Peter Kiesewalter is a Canadian arranger and multi-instrumentalist who plays sax, clarinet, keyboard, and accordion.

==Career==
In the 1990s, Kiesewalter was a member of the Ottawa-based bands Fat Man Waving and The Angstones, both diverse bands that blended folk, jazz and pop music influences. He played piano, keyboards, accordion and clarinet with Fat Man Waving, and reeds and accordion with the Angstones. His bandmates in the two bands included Rebecca Campbell (vocals), Fred Guignon (guitar), Ian Mackie (drums and percussion) and James Stephens (bass) in Fat Man Waving, and Mackie, Kurt Walther (guitar), Rob Frayne (saxophone) and John Geggie (bass) in the Angstones.

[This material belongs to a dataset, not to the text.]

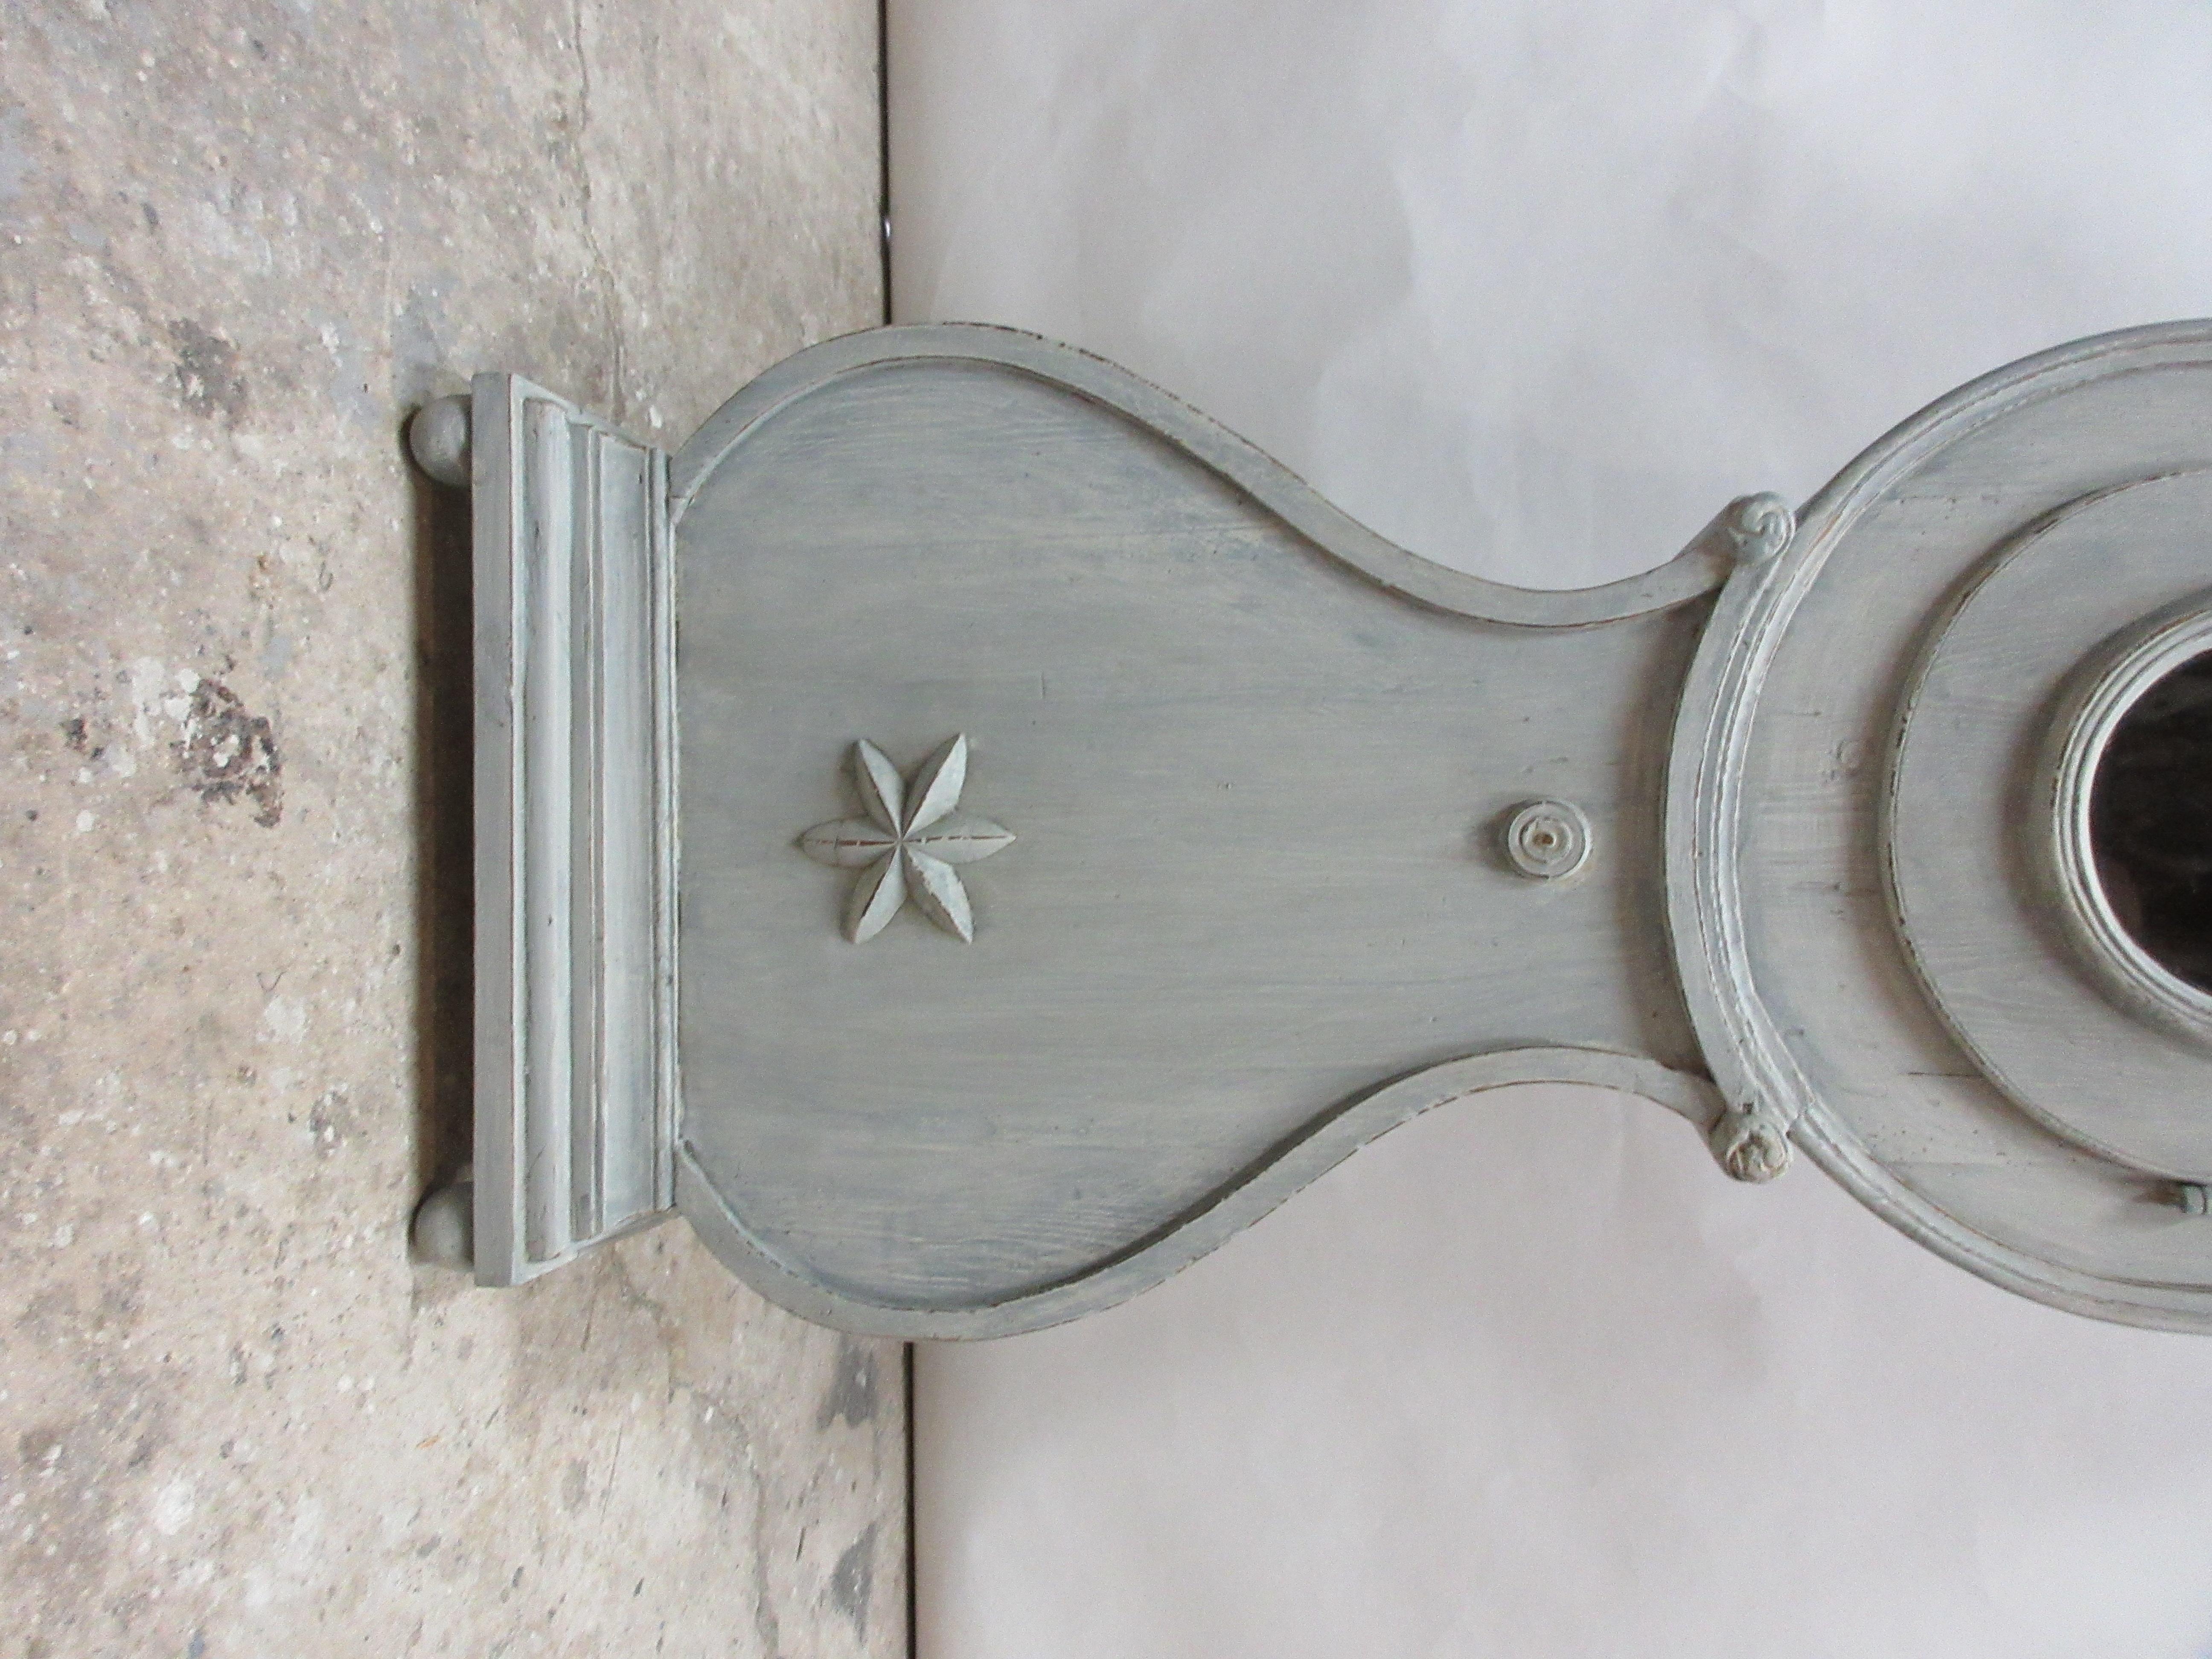 This is a Long Case Swedish Mora clock, its been restored and repainted with

Kiesewalter was a member of the East Village Opera Company (EVOC) from 2004 to 2010, a rock group co-founded by vocalist Tyley Ross and Kiesewalter. AnnMarie Milazzo provided vocals. EVOC included eight other members: two guitarists, a bassist, a percussionist and a string quartet. EVOC's repertoire included primarily operatic and classical pieces that Kiesewalter arranged in rock and other popular music styles. Kiesewalter next formed Brooklyn Rundfunk Orkestrata (BRO) to cover songs from The Sound of Music with the Rodgers and Hammerstein Organization.

Kiesewalter is music director for Jane Siberry. From 2014 to 2019, Kiesewalter was also the music director and conductor for concerts by Jackie Evancho.